* [Problem description] Would you repeat the listing exactly, without any of its images?

* [Data section]
════════════════════

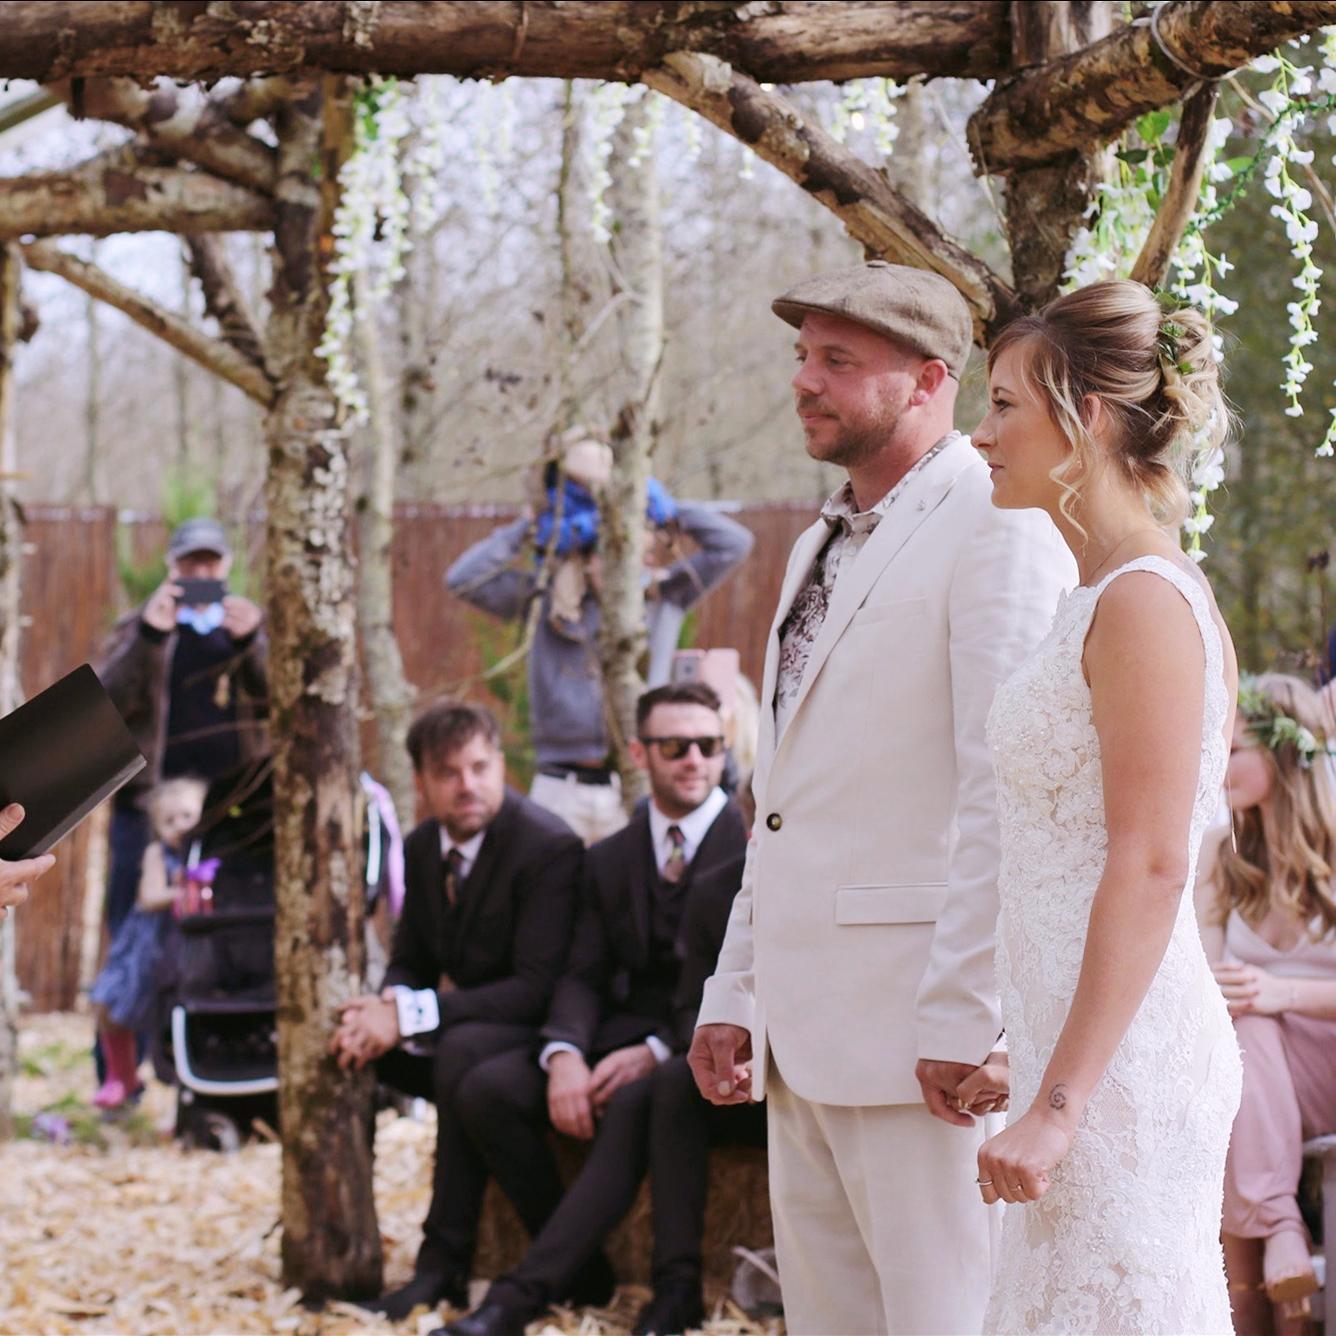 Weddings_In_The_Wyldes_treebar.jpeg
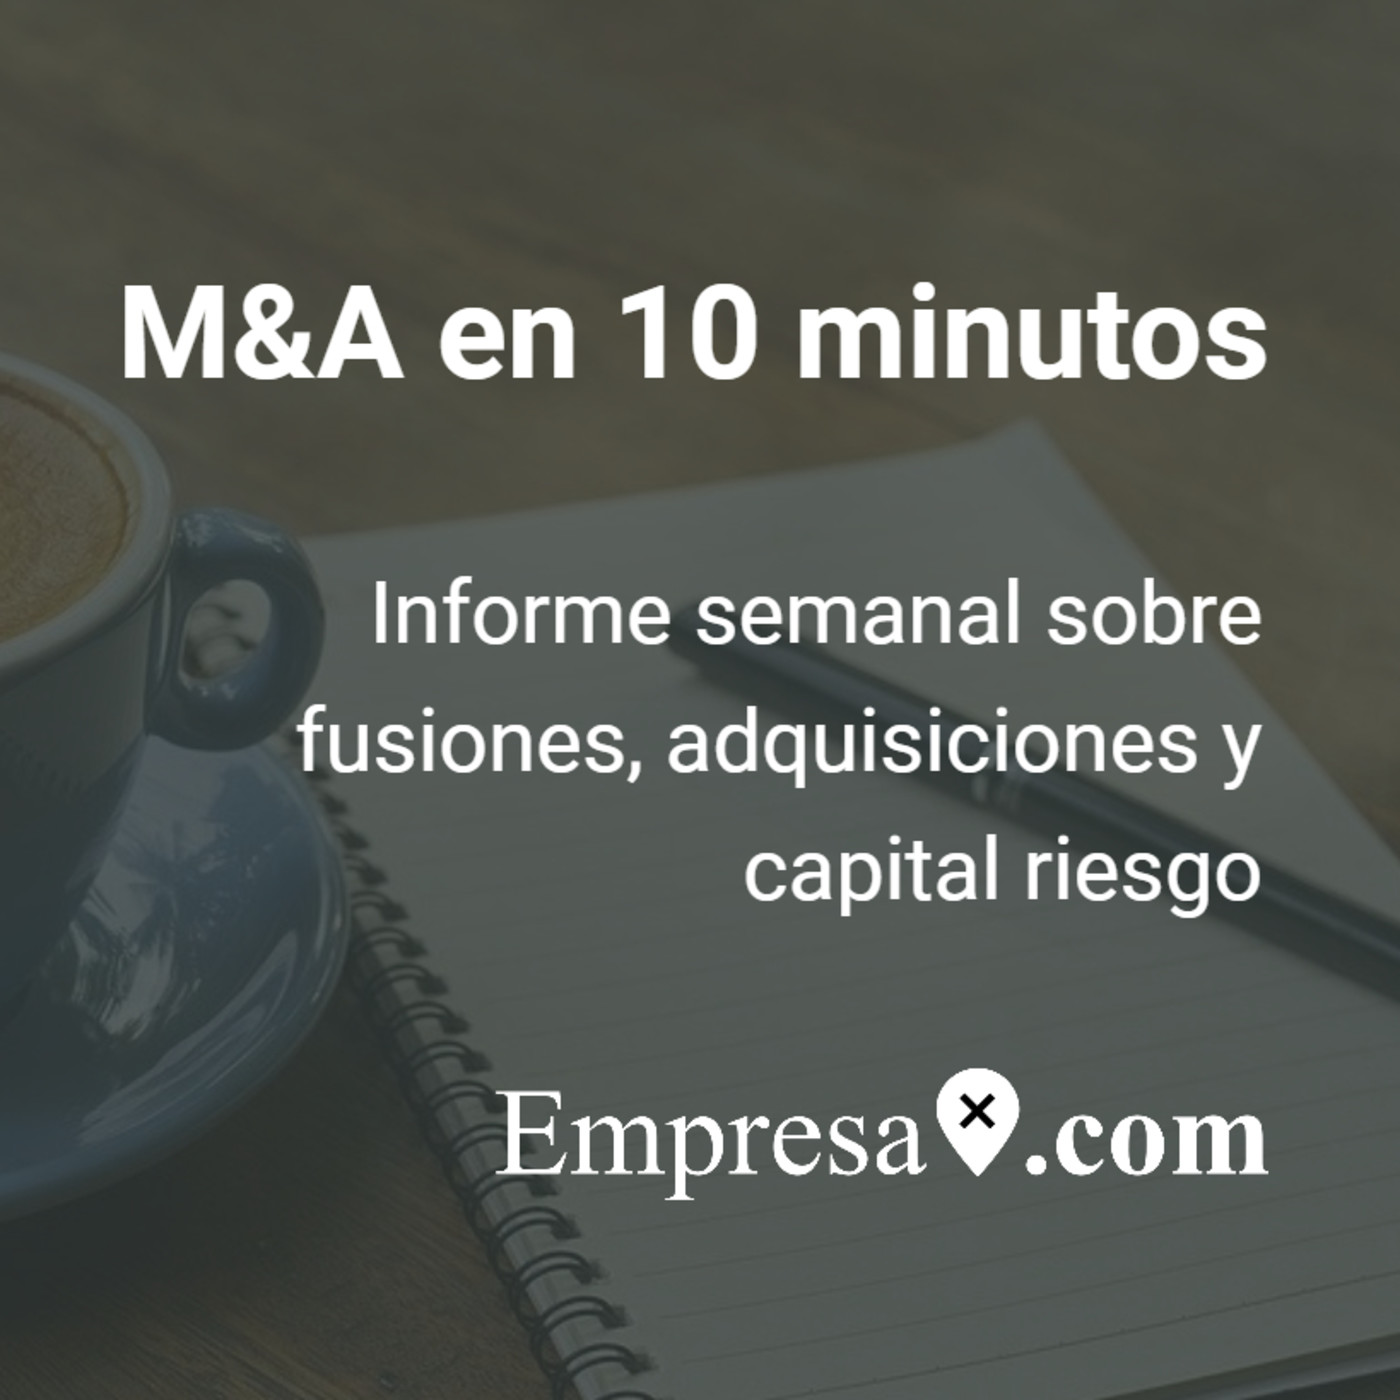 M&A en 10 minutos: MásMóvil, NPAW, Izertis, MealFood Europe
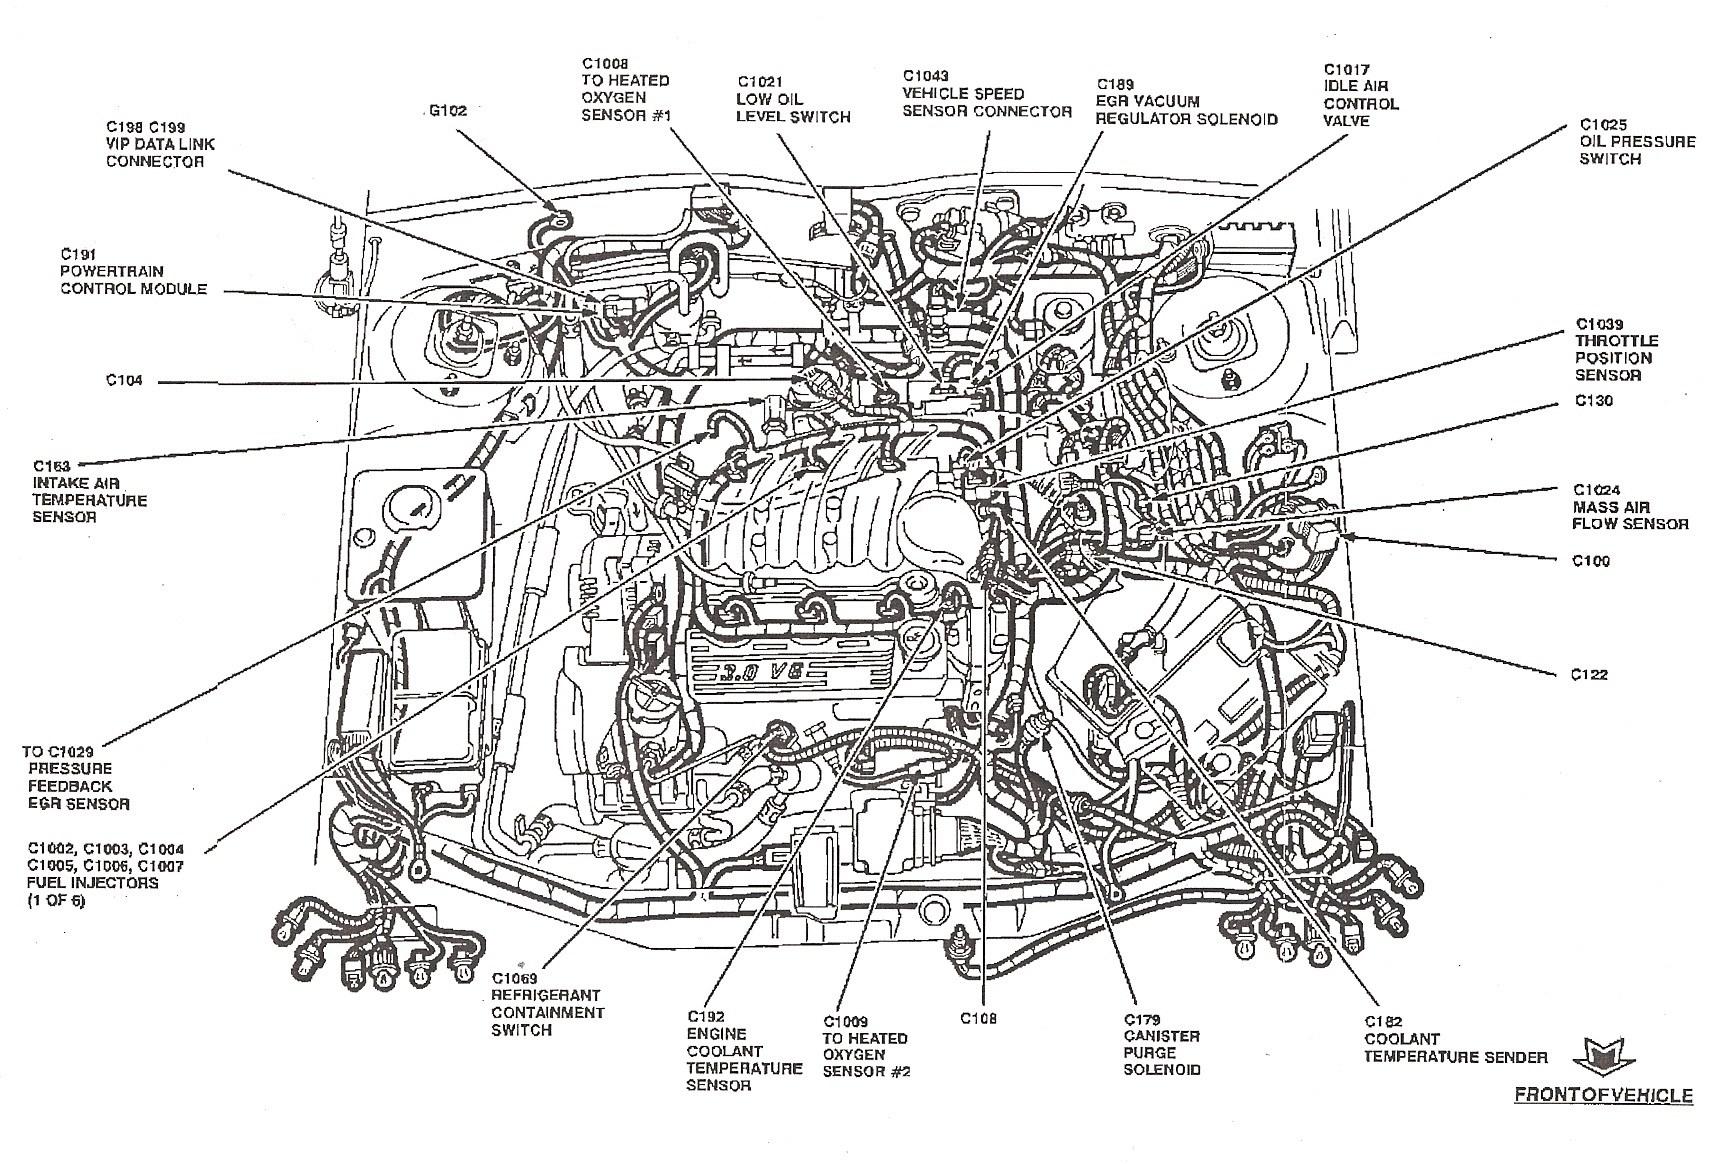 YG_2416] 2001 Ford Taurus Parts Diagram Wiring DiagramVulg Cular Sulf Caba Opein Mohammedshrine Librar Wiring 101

════════════════════

* [Finished exercise]
 Weddings_In_The_Wyldes_treebar.jpeg
 M&A en 10 minutos: MásMóvil, NPAW, Izertis, MealFood Europe
 YG_2416] 2001 Ford Taurus Parts Diagram Wiring DiagramVulg Cular Sulf Caba Opein Mohammedshrine Librar Wiring 101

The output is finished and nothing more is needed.